Have you thought about alternative therapy such as Acupuncture, reflexology...i am a firm believer at looking at the holistic side of things. I believe that western medicine only try to solve the problem, whereas alternative treatment can look at the emotional aspect of our being..(i may be talking alot of rubbish)..
I also feel that your and to be honest my PMT is not so bad as before...although i still get very tearful...Put it this way my husband hasn't had a flying pan thrown at his head for the last year or so...poor thing!!
Thanks for bringing this topic to light..
lots of love astridxxx


----------



## Hippy (Aug 2, 2005)

Thank you sooo much for all your replies, always good to know you are not alone with these things and yes I totally agree with the comment that it is pretty naff being a woman at times    I am definitely going to request to be a man in my next life hee!!!! 

Astrid - not sure why you thought my real name was Debs but that made me chuckle anyway as I am not called Debs! Some fab suggestions on here for me to now investigate and thank you all for taking the time to reply   Big hugs to you all.

Love
Hippy
xxx


----------



## Fidget (Jan 27, 2005)

Hey Hippy hun,

Well my GP is as fab as ever   I am to have my repeat blood test Monday, apparently this test shows up any infections/inflamation in the body, they want to repeat it as mine was slightly elevated last time, in the meantime she is referring me to an endocrinologist to see if they can figure out what is going on   might get some answers to some long asked questions!!!

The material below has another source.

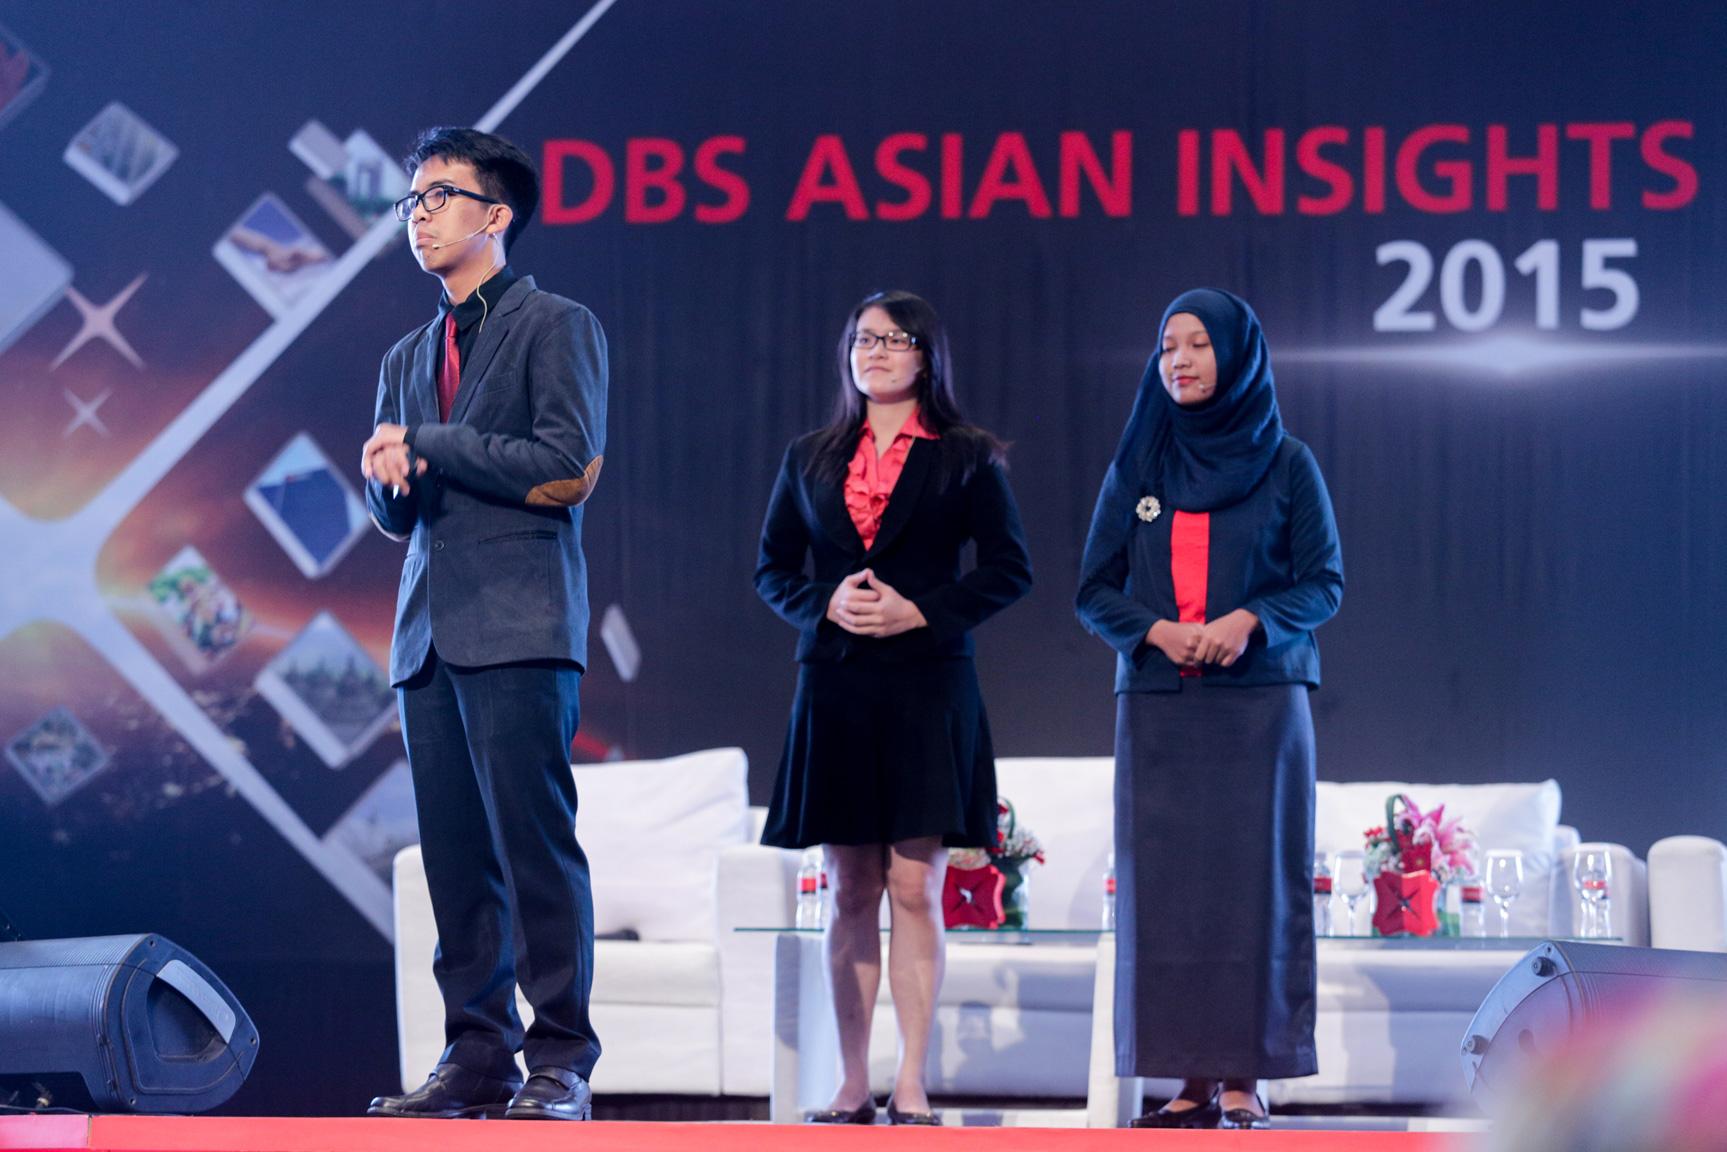 \nAkbar Syahid dari Institute Teknologi Bandung, juara ke 3 DBS Young Economist Stand-Up beraksi di hadapan peserta DBS Asian Insight Conference 2015 di Jakarta.

Hope you have a good weekend hun, with not to many flushes and sweats  

Debs
xxxxxxxxxxxxxxx


----------



## astrid (Feb 10, 2003)

ooops hippy 

I am sorry its Fidget who is called Debs....i just had this inprinted my brain and then i renamed you debs..Sorry for getting it wrong.. 
Goodluck with the blood tests on monday Fidget. I hope that you get some answers....
love astridxx


----------



## Hippy (Aug 2, 2005)

Fidget - Hi hun, hope the repeat blood test goes well today and shows something they can then easily rectify. Do let me know how things go, you can always pm me if you like?

Love
Hippy
xxx


----------



## Ermey (Aug 17, 2004)

Hello everyone
Everytime I drop into the Moving On board I am reminded how lovely everyone is here  

Just wanted to say that reading this thread and reading the 'changes to your body' thread have been enormously comforting to me, and really helped me feel a bit calmer and more tolerant of myself, my moods and emotions, and my physical inadequacies! 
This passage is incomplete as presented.